PROVIDED DATA:
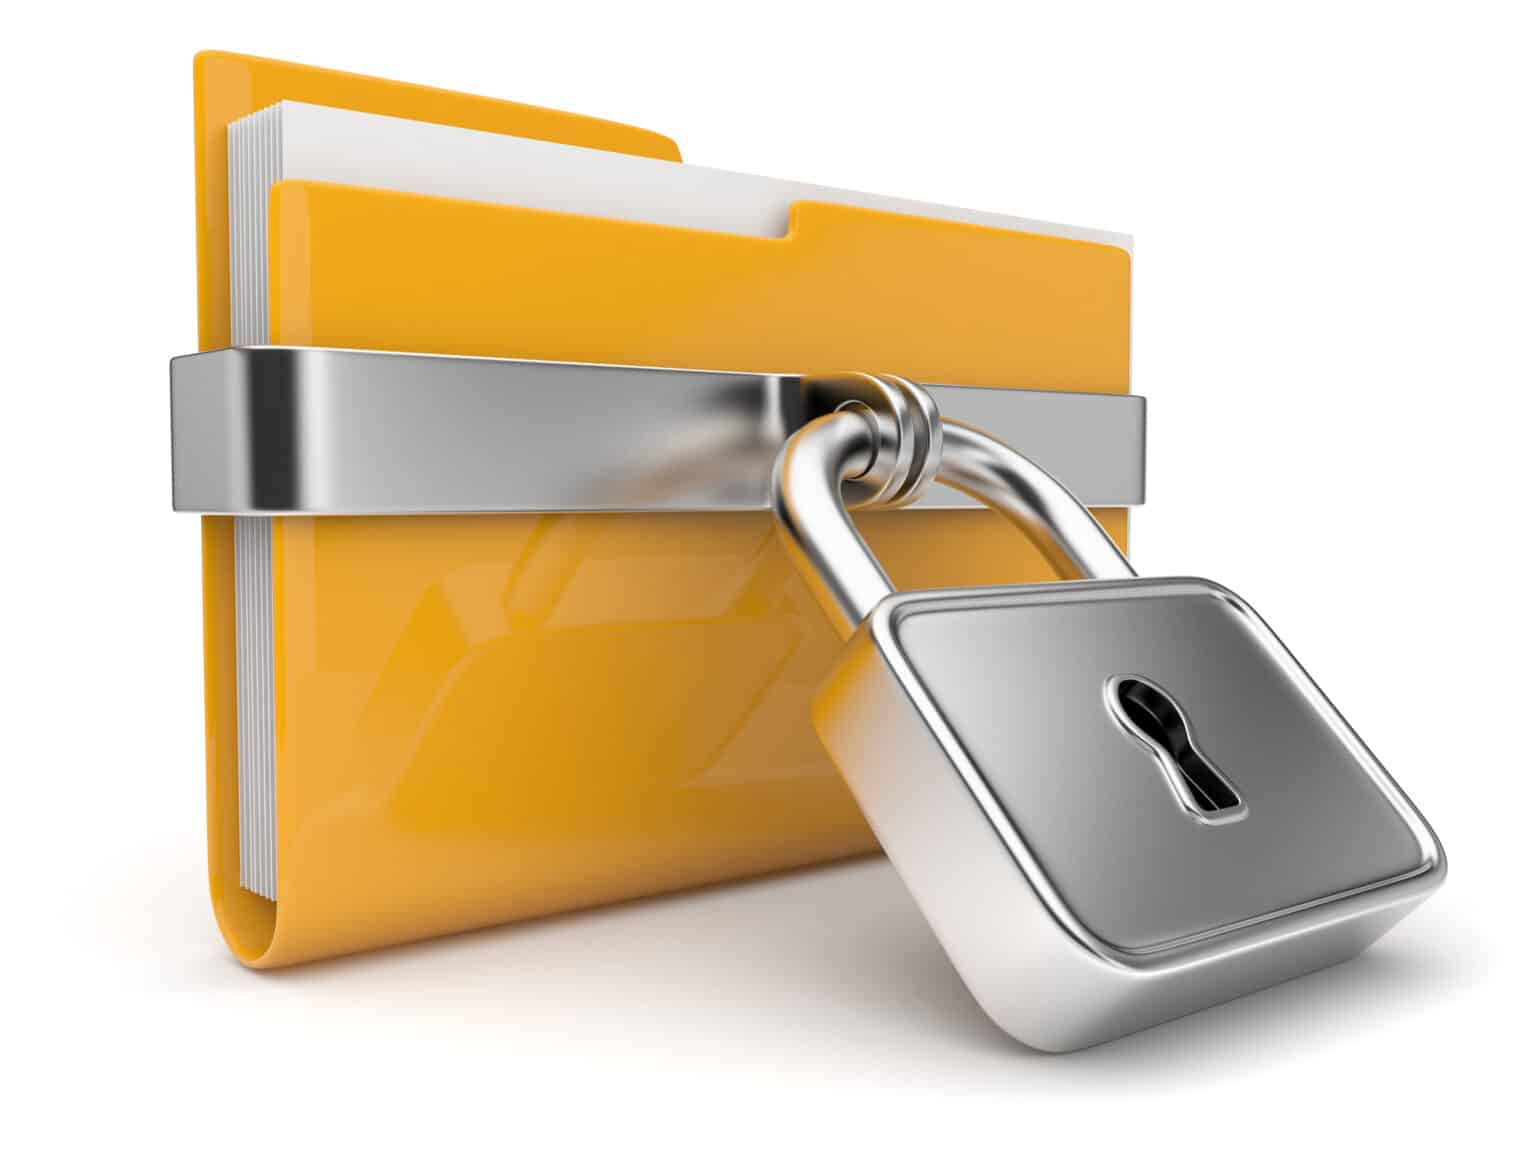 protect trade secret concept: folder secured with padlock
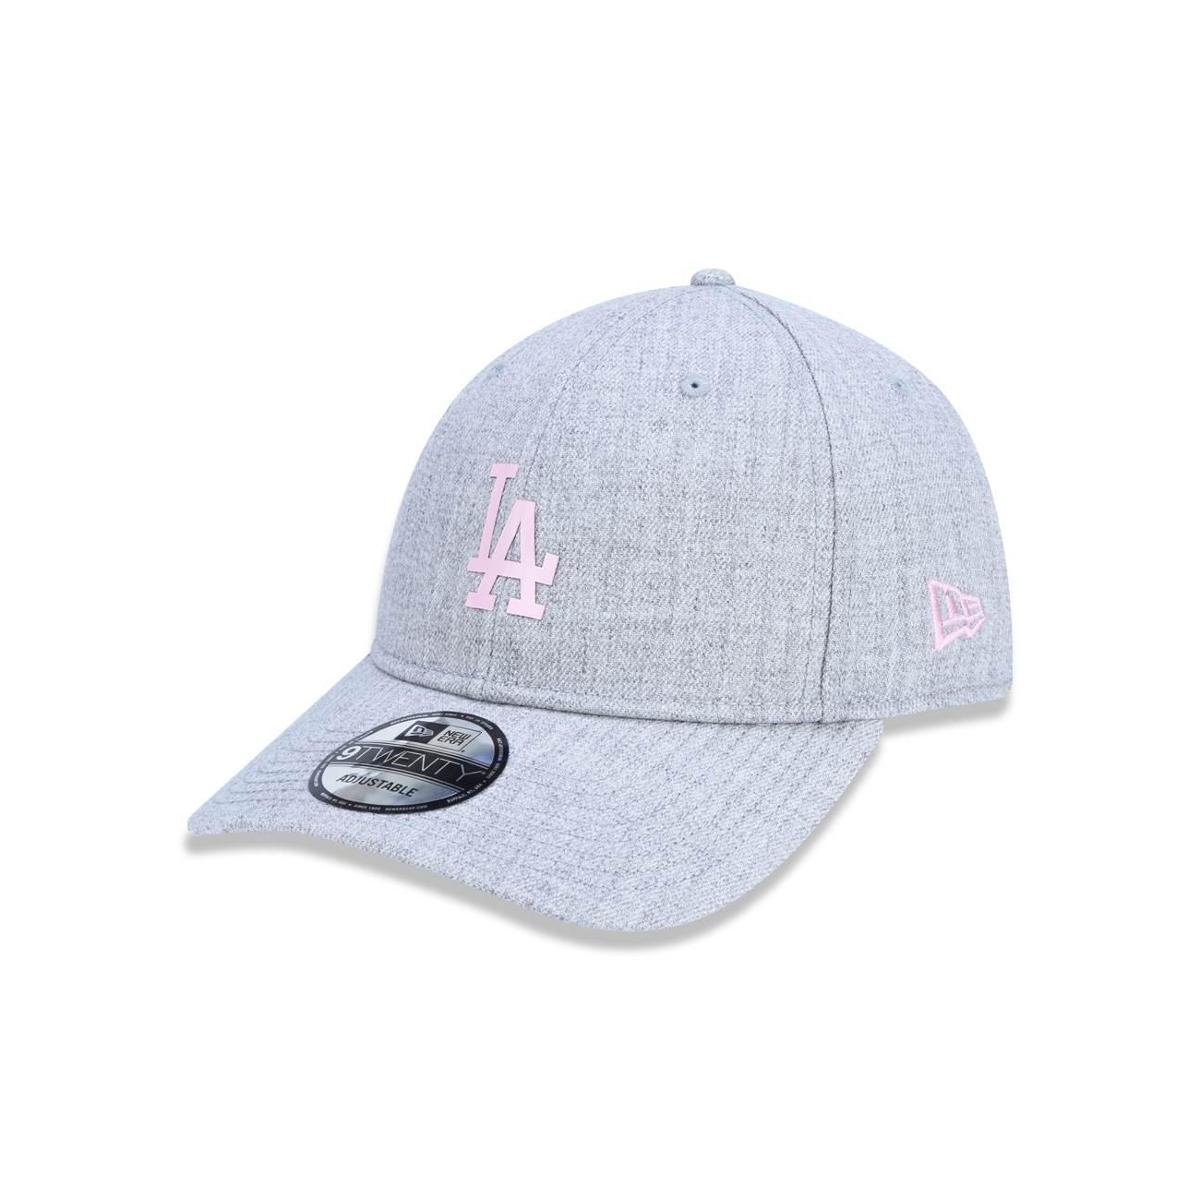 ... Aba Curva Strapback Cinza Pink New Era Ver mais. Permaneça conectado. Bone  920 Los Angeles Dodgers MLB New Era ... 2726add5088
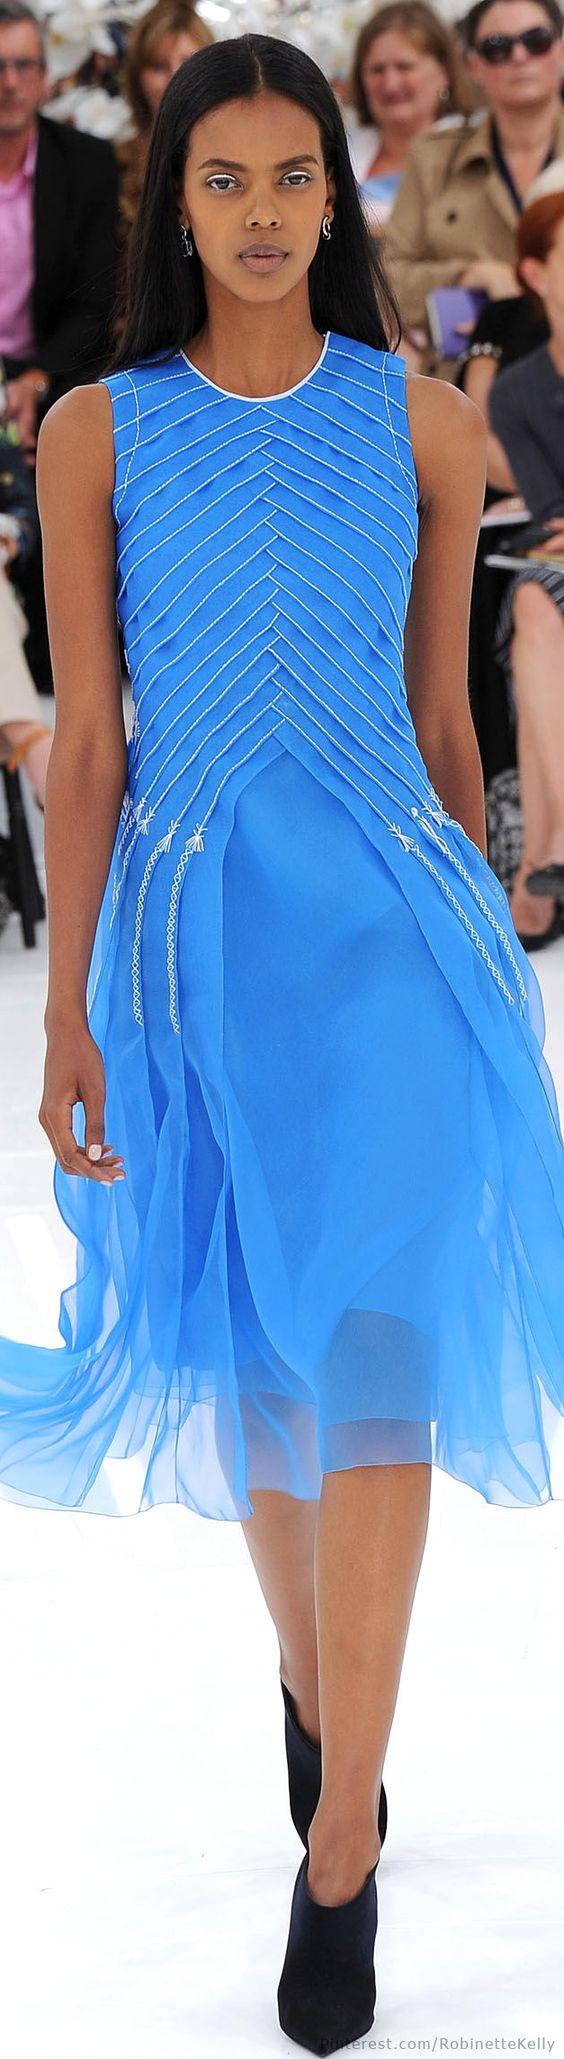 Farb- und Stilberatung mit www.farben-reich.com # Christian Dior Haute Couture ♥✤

HOW TO COMPLETE THIS TASK: The listing must be returned in full and exactly, apart from its pictures.

EXERCISE SOLUTION:
 protect trade secret concept: folder secured with padlock
 ... Aba Curva Strapback Cinza Pink New Era Ver mais. Permaneça conectado. Bone  920 Los Angeles Dodgers MLB New Era ... 2726add5088
 Farb- und Stilberatung mit www.farben-reich.com # Christian Dior Haute Couture ♥✤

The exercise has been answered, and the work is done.